**Supplied material:**
= = =

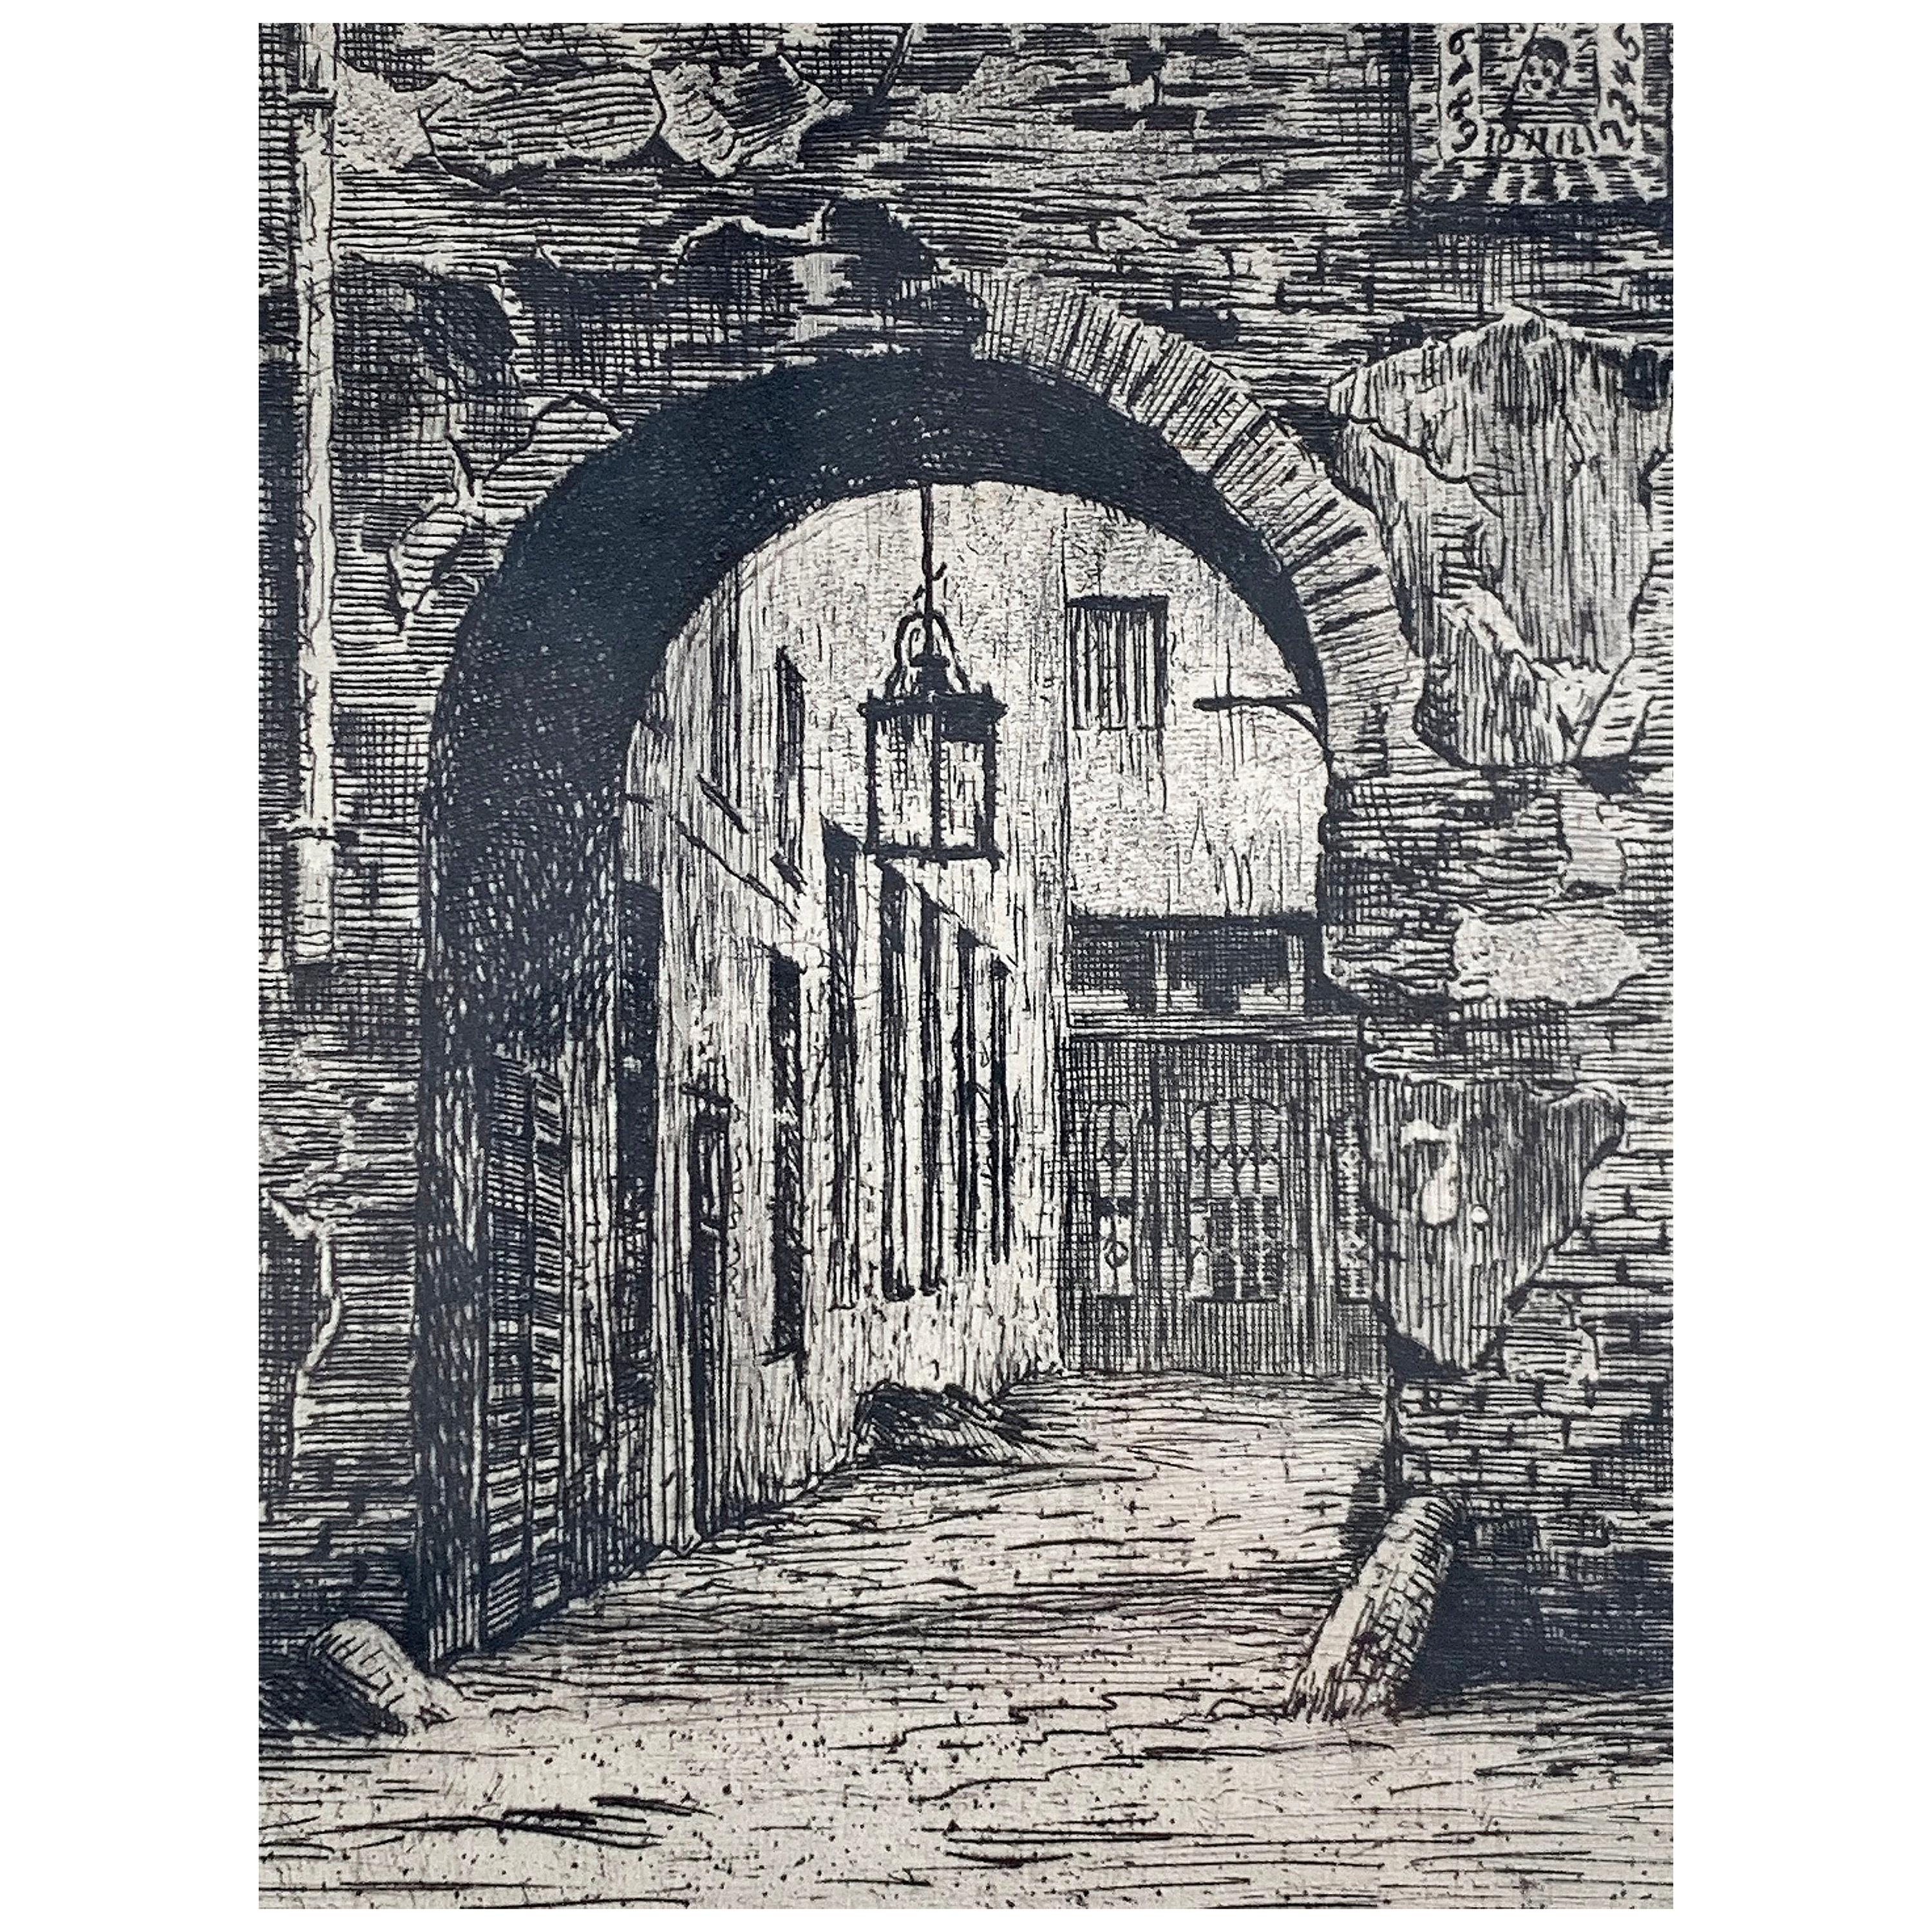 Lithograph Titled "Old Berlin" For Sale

= = =

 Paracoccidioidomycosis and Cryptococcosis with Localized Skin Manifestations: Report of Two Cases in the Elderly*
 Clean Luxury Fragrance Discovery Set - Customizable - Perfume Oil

= = =

Start with the line above that contains "Paracoccidioidomycosis and Cryptococcosis" and stop after the line that contains "Clean Luxury Fragrance". Output those lines exactly, and only those.

 Paracoccidioidomycosis and Cryptococcosis with Localized Skin Manifestations: Report of Two Cases in the Elderly*
 Clean Luxury Fragrance Discovery Set - Customizable - Perfume Oil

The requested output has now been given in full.